▸ Information shown:
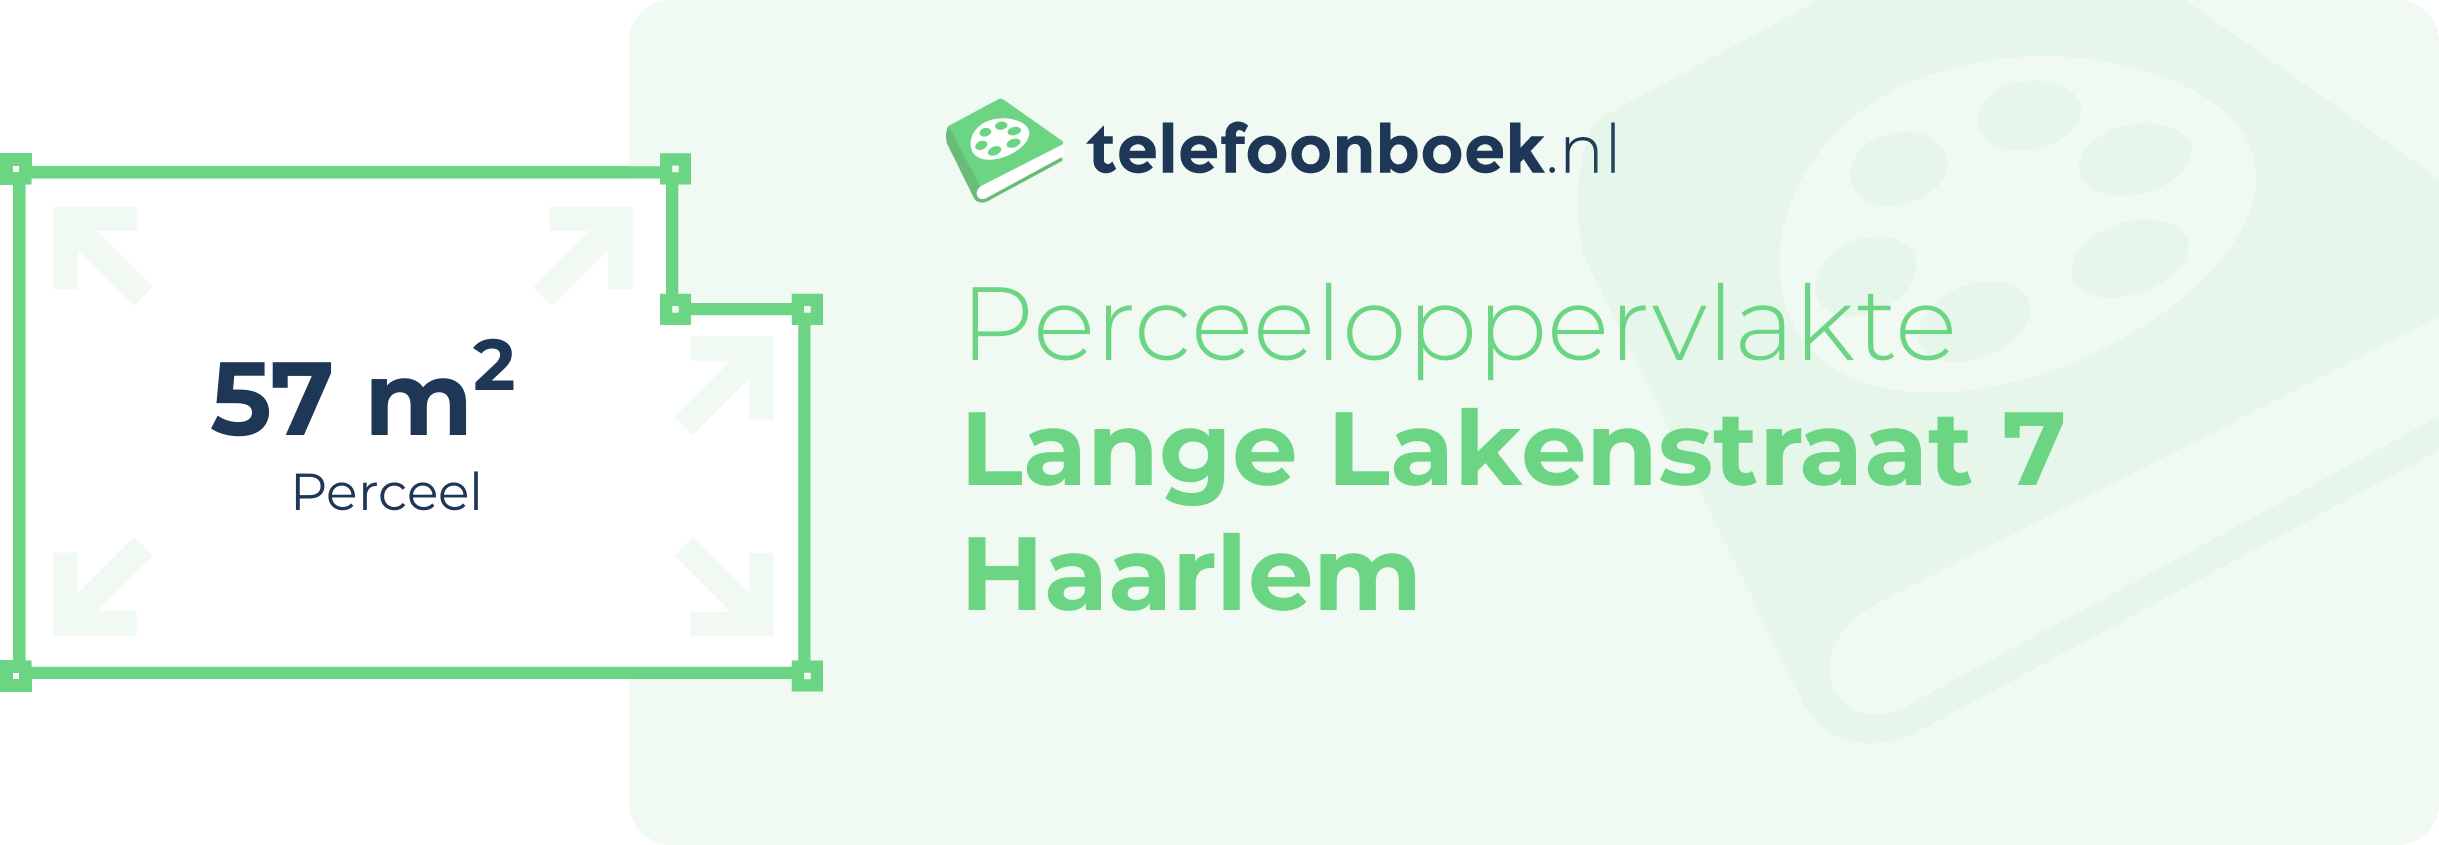 Perceeloppervlakte Lange Lakenstraat 7 Haarlem
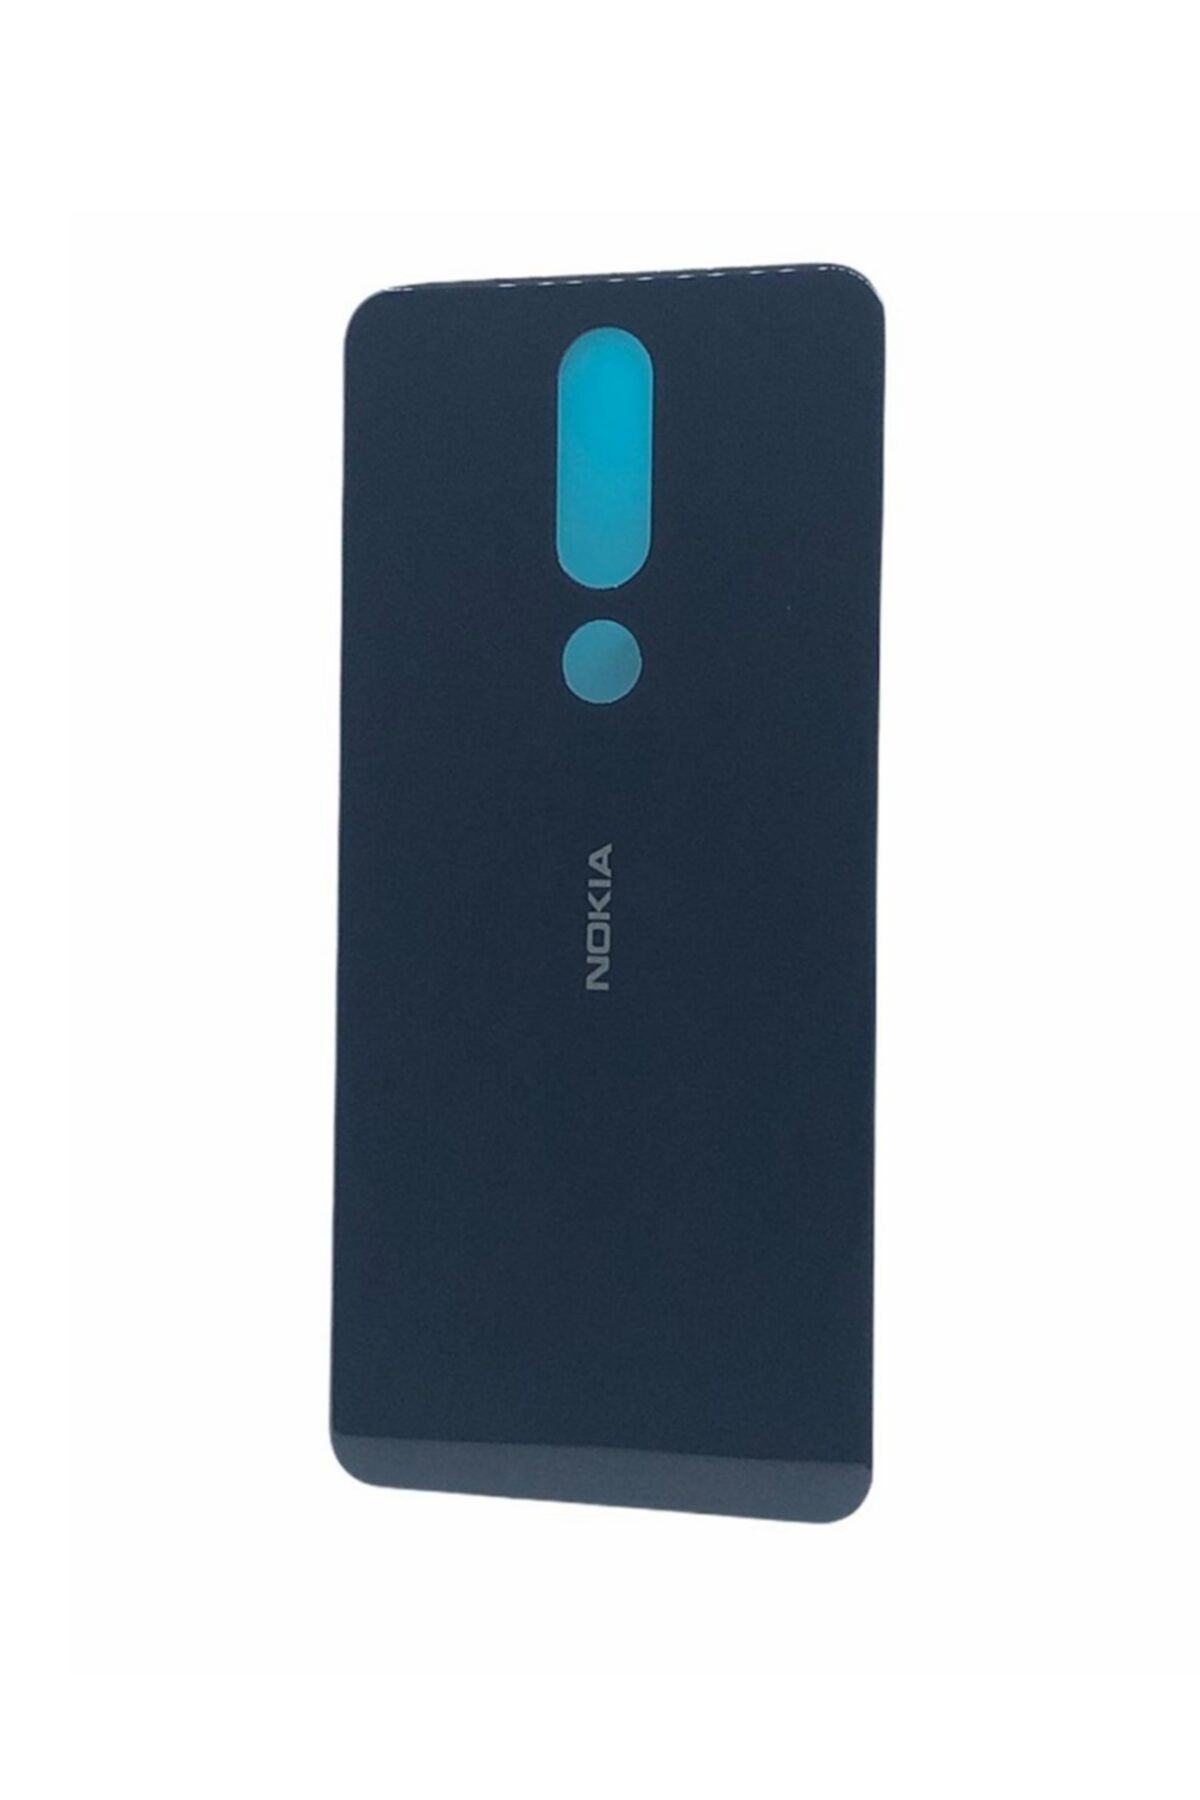 Nokia 5.1 Plus / X5 2018 Arka Pil Batarya Kapak Siyah
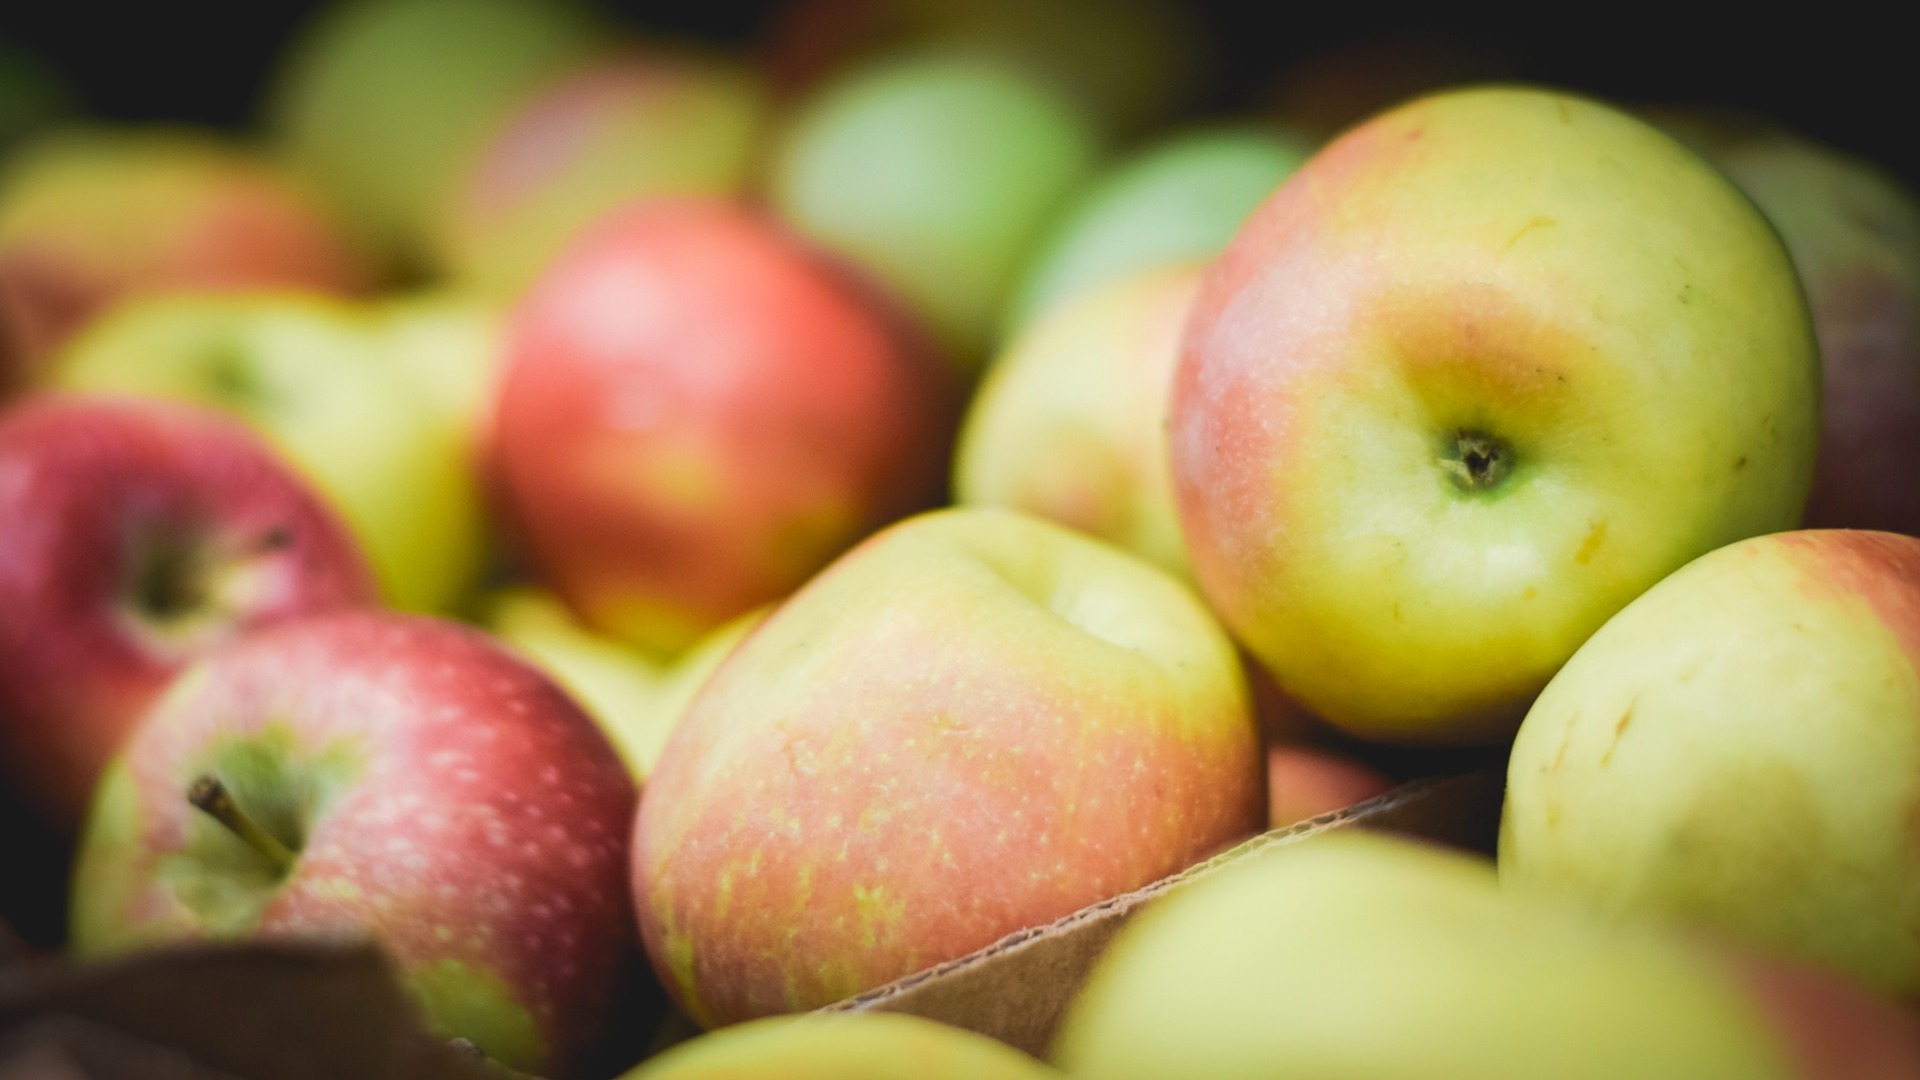 Работодатели заплатят тюменцам до 230 тысяч рублей за сбор яблок
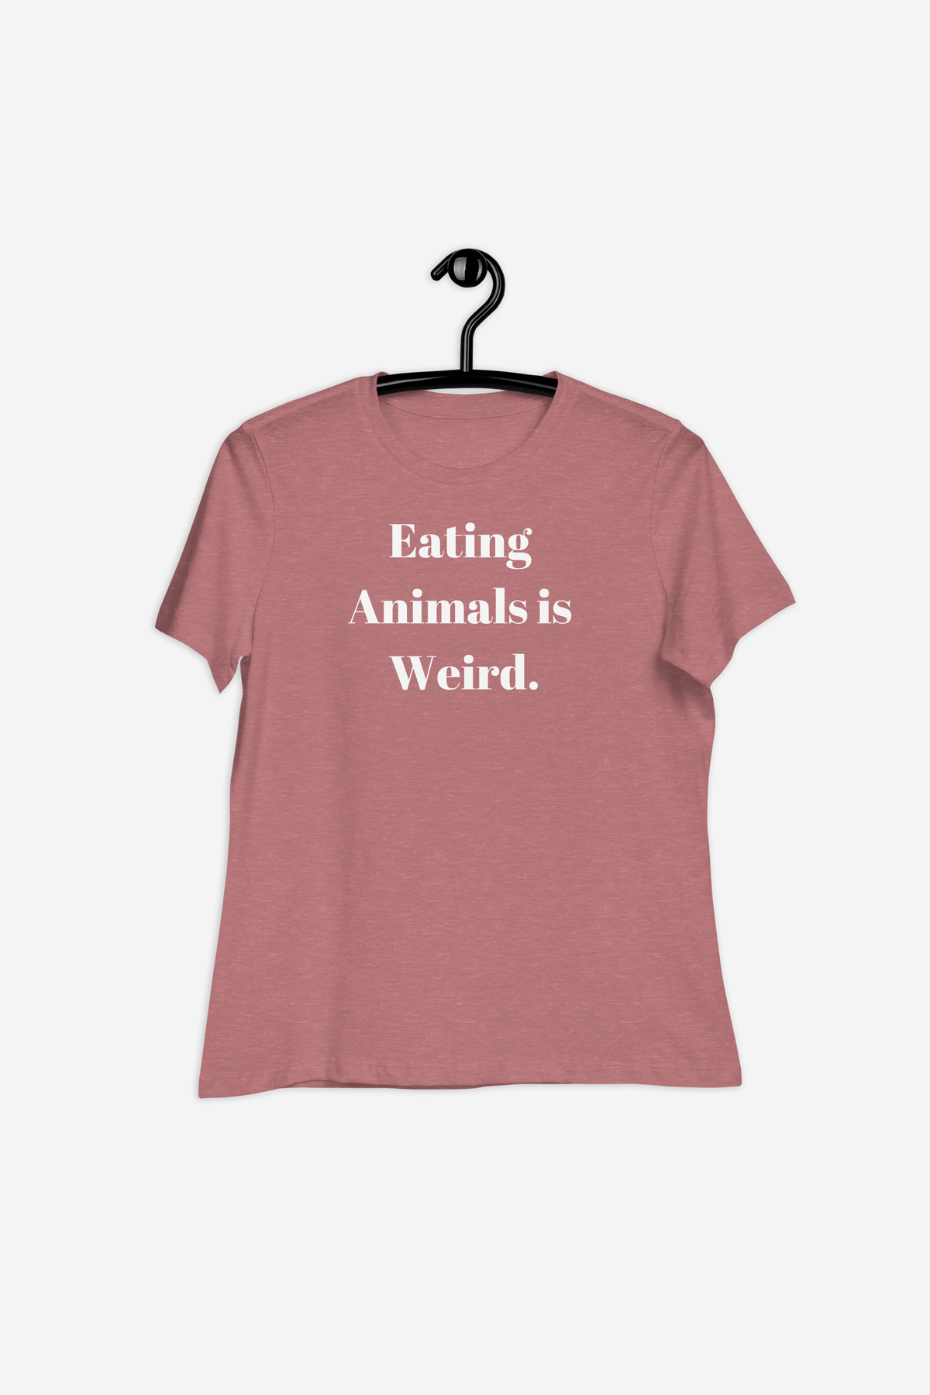 Eating Animals Is Weird Women's Relaxed T-Shirt

▸ Your goal: When you reach a picture, pass over it; write out all other material exactly.

▸ Written solution:
 Perceeloppervlakte Lange Lakenstraat 7 Haarlem
 Nokia 5.1 Plus / X5 2018 Arka Pil Batarya Kapak Siyah
 Работодатели заплатят тюменцам до 230 тысяч рублей за сбор яблок
 Eating Animals Is Weird Women's Relaxed T-Shirt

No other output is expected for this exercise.